• **DATA BELOW**
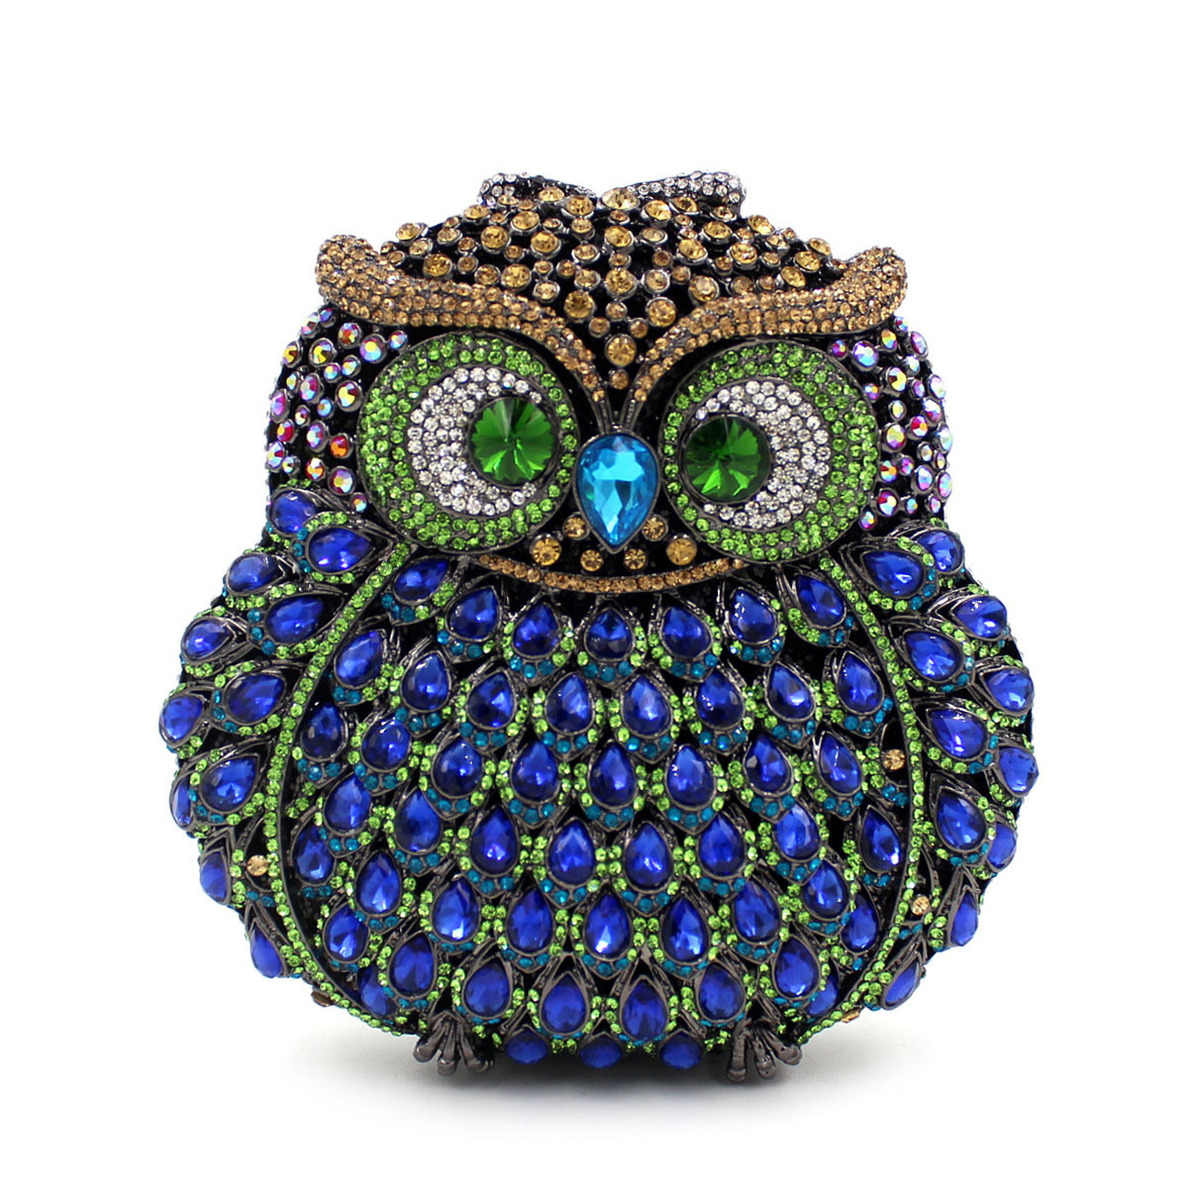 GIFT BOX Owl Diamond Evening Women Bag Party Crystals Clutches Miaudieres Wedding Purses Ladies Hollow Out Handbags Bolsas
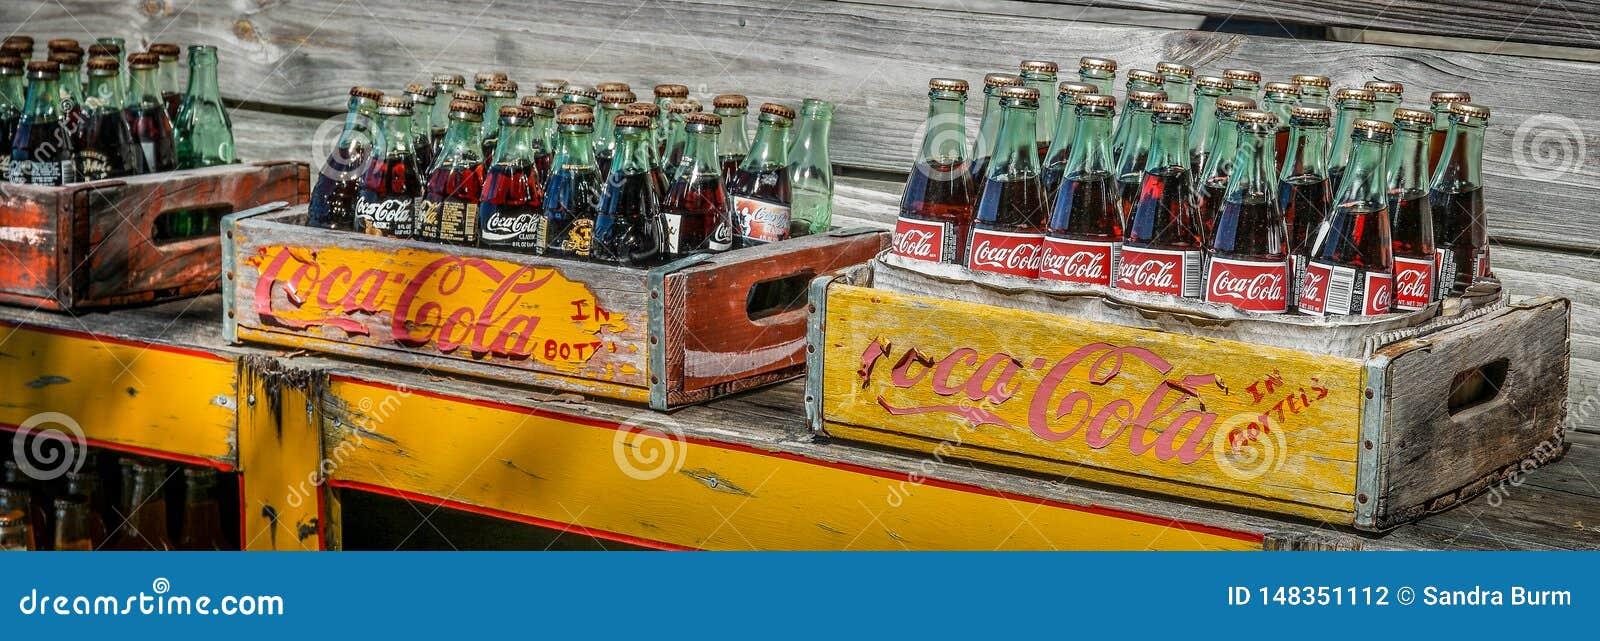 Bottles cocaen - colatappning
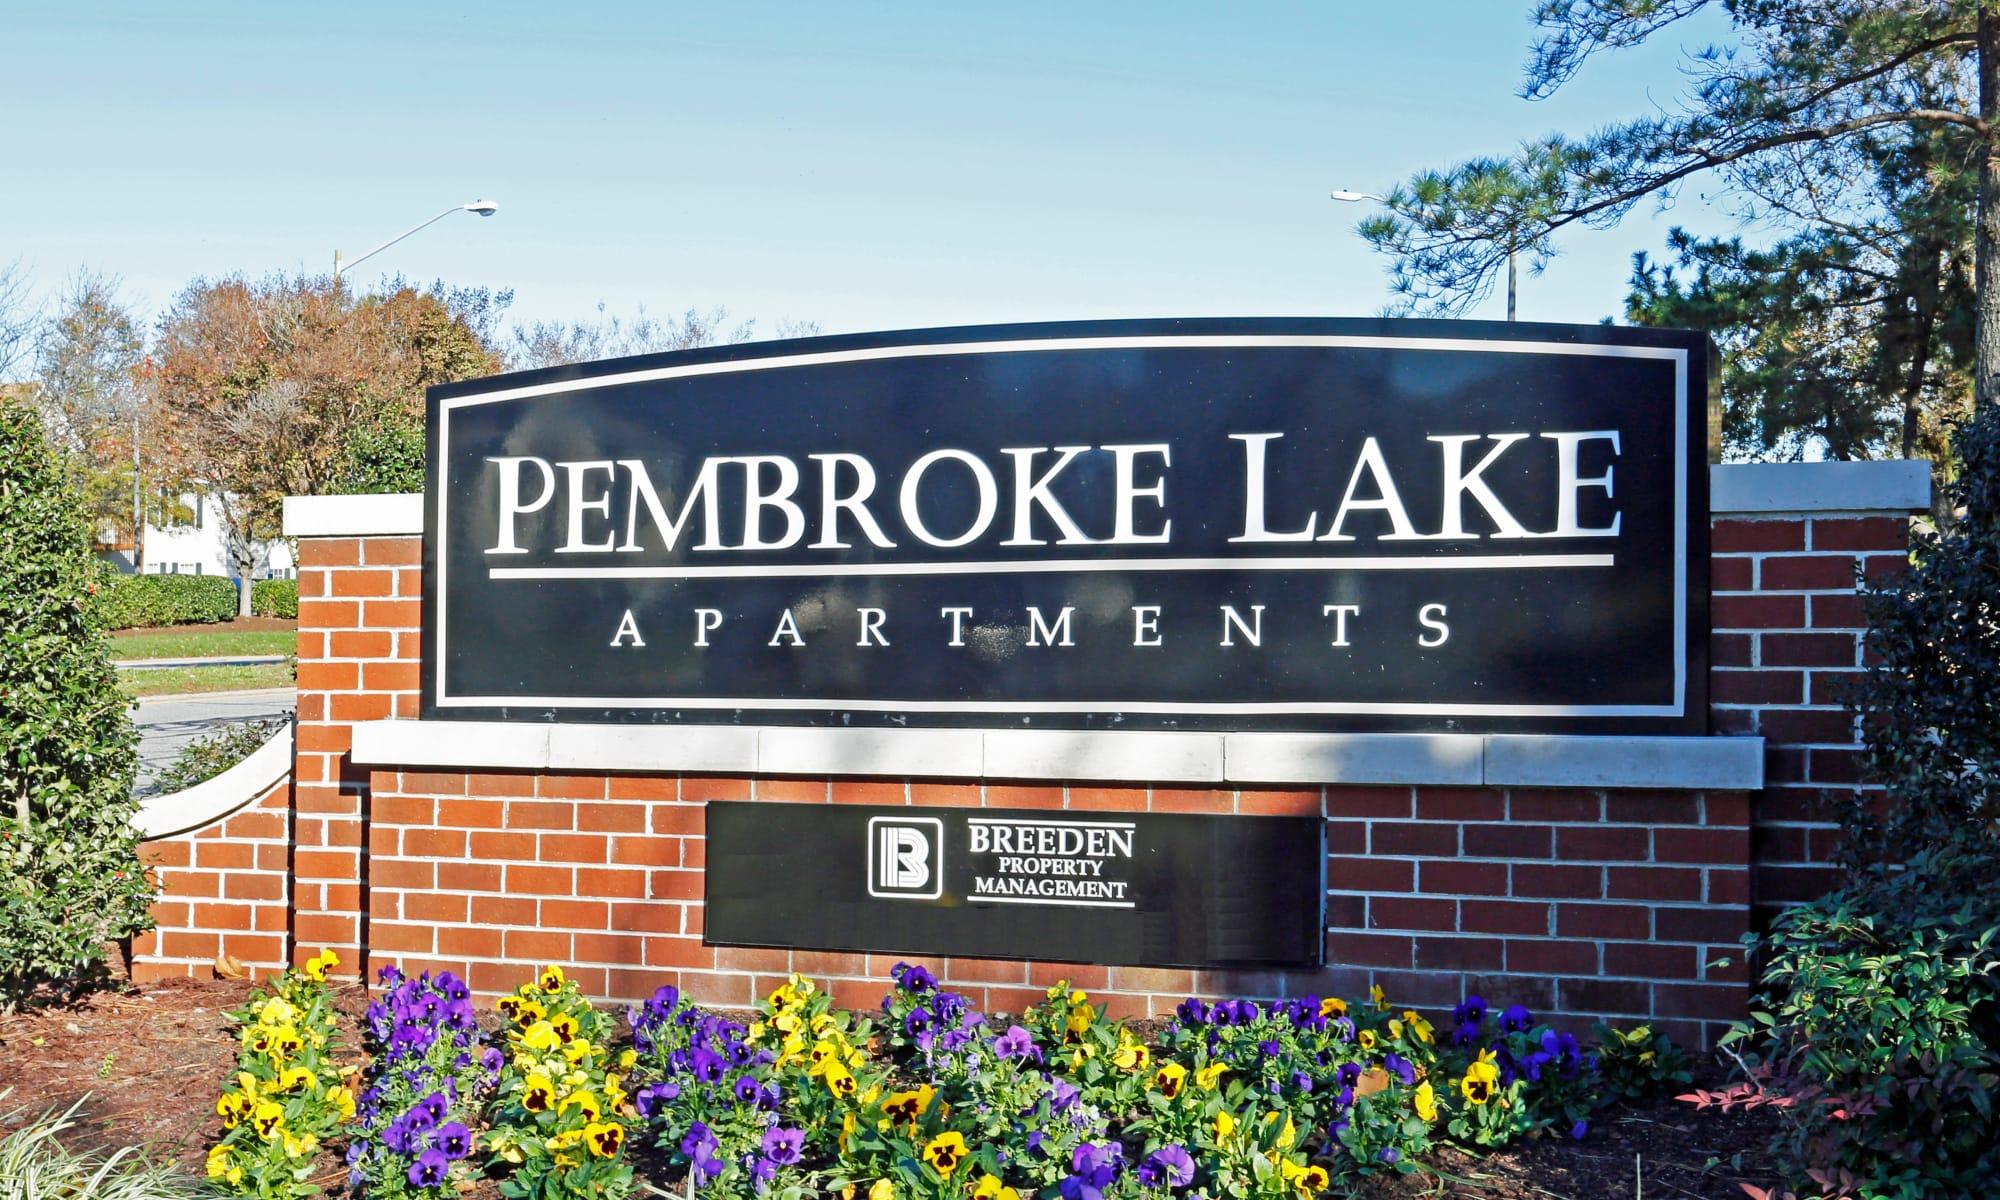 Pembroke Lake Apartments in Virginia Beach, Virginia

• **DESCRIPTION OF THE TASK**
In your transcription of the listing above, match each line exactly and include no pictures.

• **EXERCISE SOLUTION**
 GIFT BOX Owl Diamond Evening Women Bag Party Crystals Clutches Miaudieres Wedding Purses Ladies Hollow Out Handbags Bolsas
 Bottles cocaen - colatappning
 Pembroke Lake Apartments in Virginia Beach, Virginia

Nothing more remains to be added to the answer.